4-5 years ago Fusesource (which now Red Hat continue) started to work on Fabric project to add additional abstraction layer which partially can be compared to SOA Platform and its principles (mainly registry, discovery, etc.). But instead of reimplemeting idea of SOA, they have build everything basing on their own new ideas going beyond what was currently know to the world. Of course some of ideas are good, some not as personally I do not like ZooKeeper but this kind of usage evaluation happens to all new project/ideas and it is good it is happening instead of let the project to die. This rather means that it passed a test- a market needs test.

So then JBoss Fuse is not just a container, it is rather a Fabric of containers, while ServiceMix is still just a single Karaf container + set of libraries.
In fact you can add Fabric8 to ServiceMix but as it is not a part of a build, then you are taking a risk of integrating those projects together (while in case of JBoss Fuse this risk is taken by Red Hat)

So then if you are looking for just a container, ServiceMix can be for you but then you can also use just JBoss or even tomcat as a container.
If you are looking for something more, then you should go to JBoss Fuse meaning rather Fabric8.

In terms of getting ServiceMix back to life (I agree it is getting dead), someone should simply integrate Fabric8 into it to get it up to speed and back to life.

Anonymous said...

Ironically ServiceMix is ahead of Fuse in some significant ways. First it is on Karaf 3 and the latest (Fuse 6.2) is still on Karaf 2.4. This when Karaf 4 is already out.

Red Hat JBoss Fuse (not to be confused with Red Hat JBoss Fuse ServiceWorks) doesn't appear to have much wind in its sails anymore.

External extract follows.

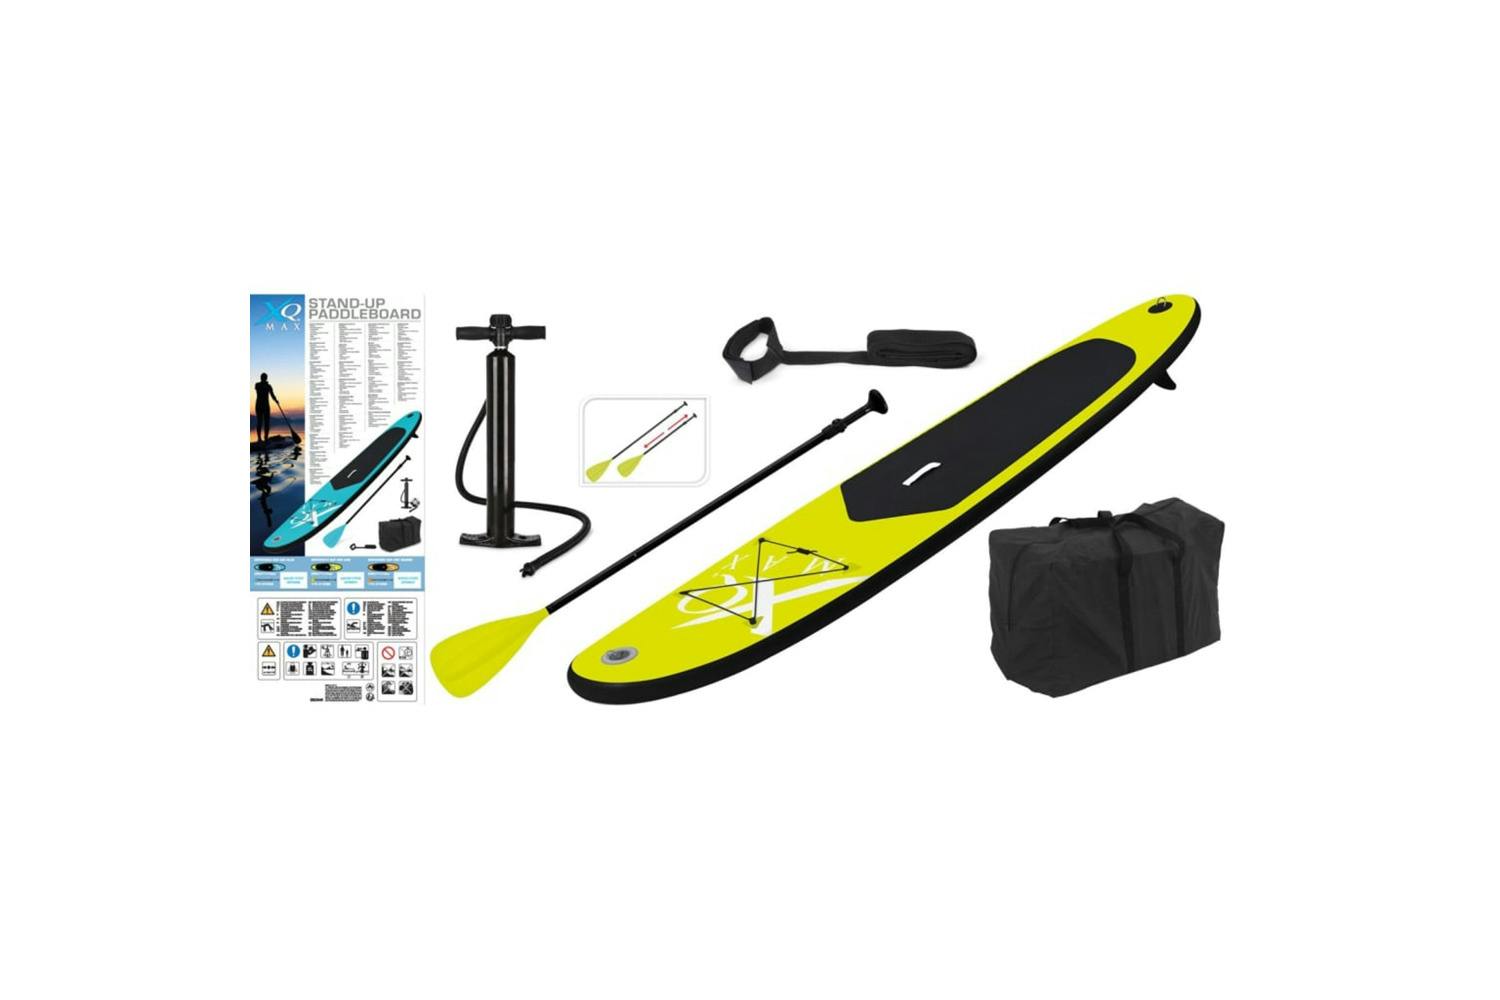 Xq Max 441937 Stand-up Paddle Board 285 Cm Inflatable Lime And Black

The Fuse 6.2 version has a vomit of Switchyard components in its quickstarts library without any real explanation. The POMs all have settings for Wildfly(!?) but no blueprint support. And no real explanation for why the JBoss AS is manifesting itself there.

Whether ServiceMix is dead or not I can't say but Fuse has become a muddled, confused and confusing mess. Part of the problem is that Red Hat hasn't been very good at communicating where this is all going.

The first version of fabric with Zookeeper was a mess. I'm not sure that putting Fabric in the ServiceMix stack would be such a great idea.

WMcDonald said...

This is an old post, but I wanted to know if you still hold your opinion about 'not to servicemix' - especially with v 7 out now.

We are looking to move off of the old fuse (6.0.0.redhat-024), and although mgmt doesn't want to go with kubernetes/fabric8, basically my choices at this point are servicemix OR karaf+camel+activemq (ie. "roll your own pieces"). From your article, it didn't sound like there was basically much technical difference between the two and that the karaf plus... setup was better since servicemix was the same thing but not released or developed as much.

Another developer is looking at spring boot also, but I have not gotten my head around what he's doing, what spring boot does and how he's using it - replacing smx or just improving the architecture with how its used with other apps.

Do you still hold the same opinion about 'to smx or not to smx' today? Has anything changed since you wrote this between the two?